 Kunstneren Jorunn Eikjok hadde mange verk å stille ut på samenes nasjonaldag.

--

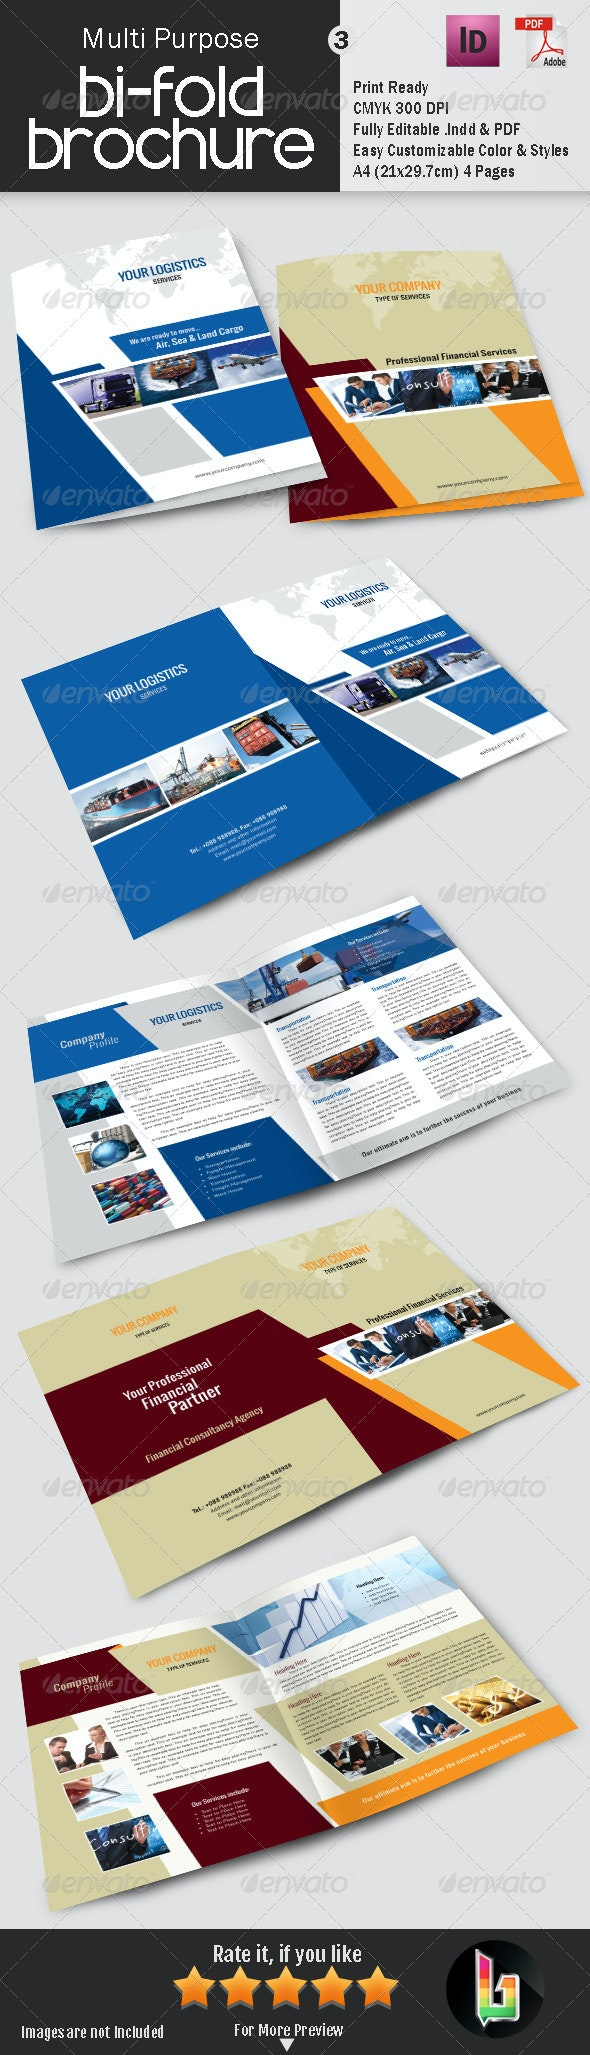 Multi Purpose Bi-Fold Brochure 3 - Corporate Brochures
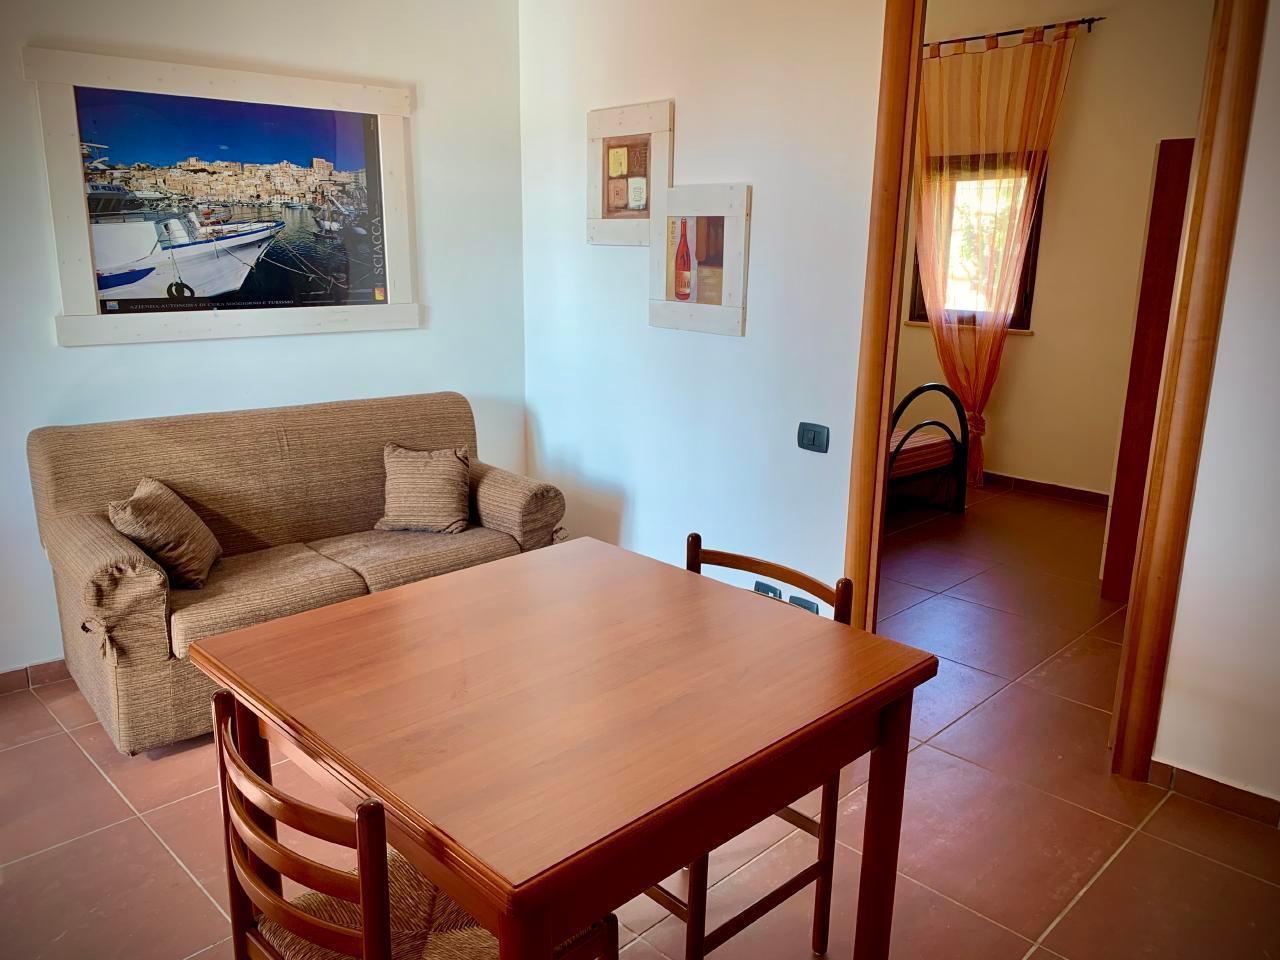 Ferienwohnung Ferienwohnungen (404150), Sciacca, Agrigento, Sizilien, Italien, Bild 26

* * *

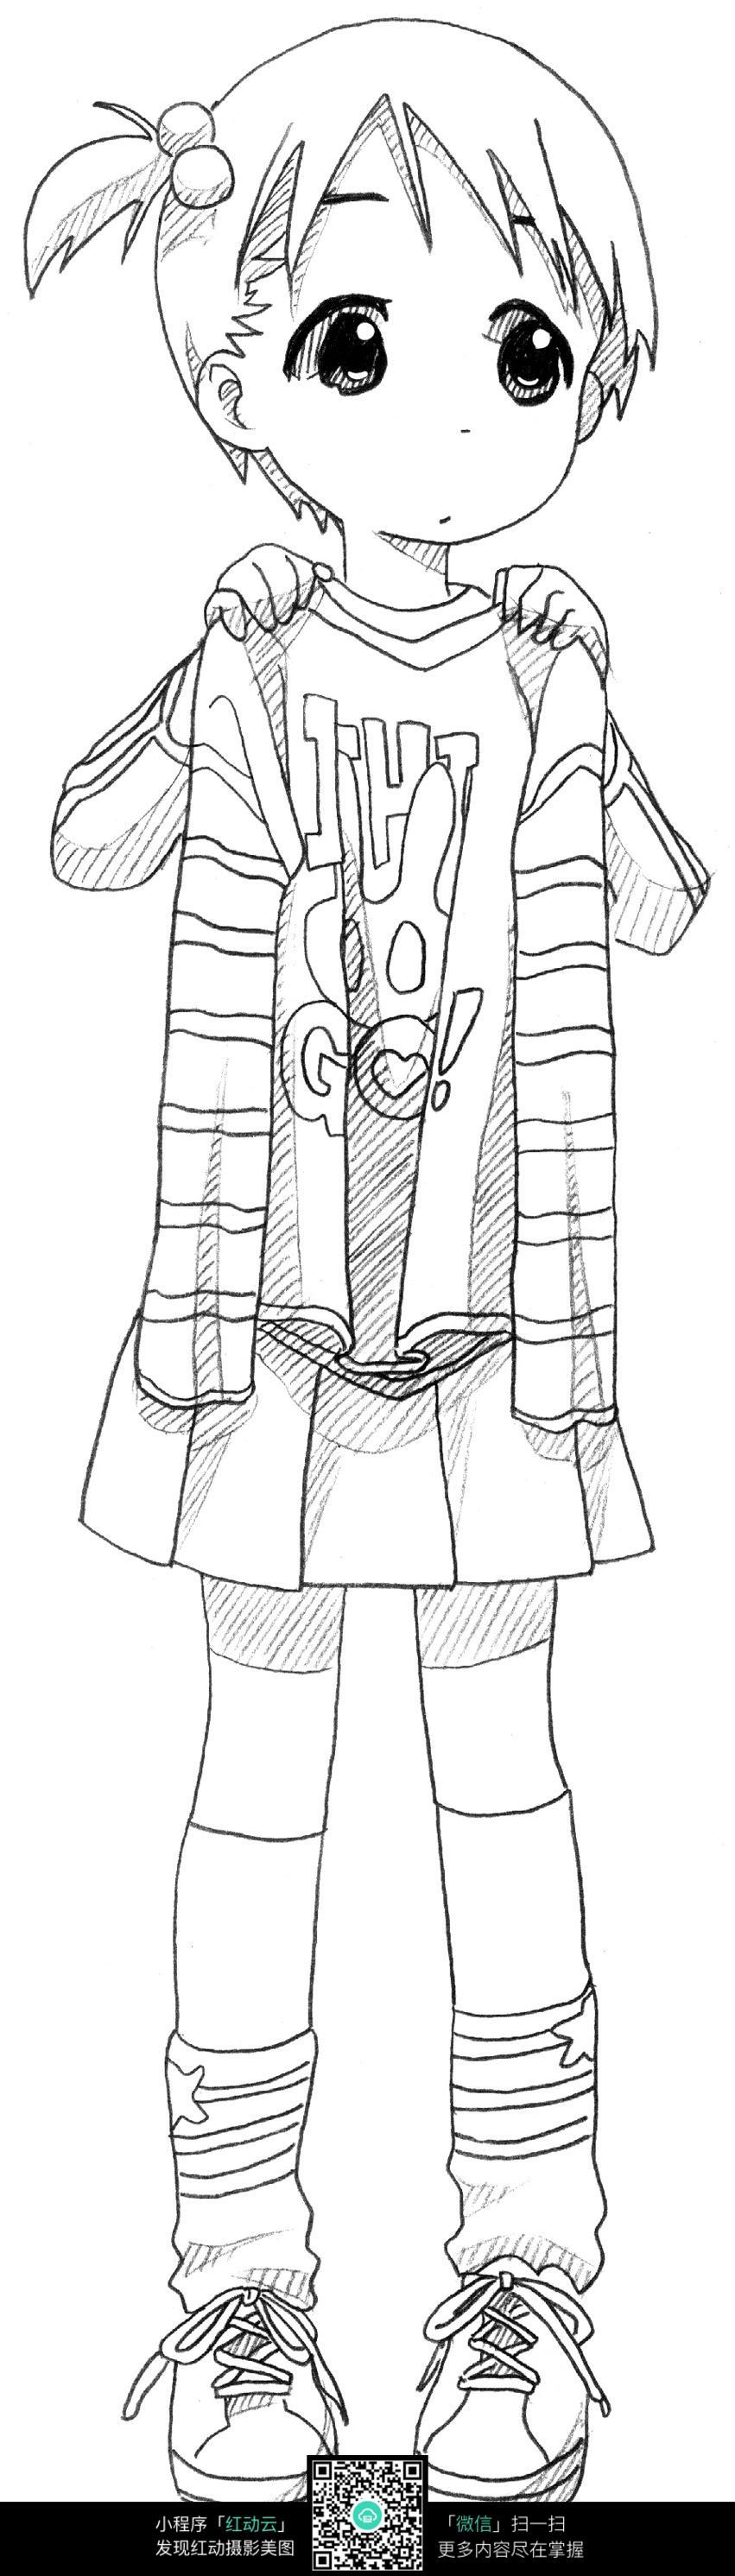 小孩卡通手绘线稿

WHAT IS BEING ASKED: Reproduce the records above exactly, but only from the line with "Multi Purpose Bi-Fold" up to and including the line with "Italien, Bild 26". Leave the pictures out.

TASK OUTPUT:
 Multi Purpose Bi-Fold Brochure 3 - Corporate Brochures
 Ferienwohnung Ferienwohnungen (404150), Sciacca, Agrigento, Sizilien, Italien, Bild 26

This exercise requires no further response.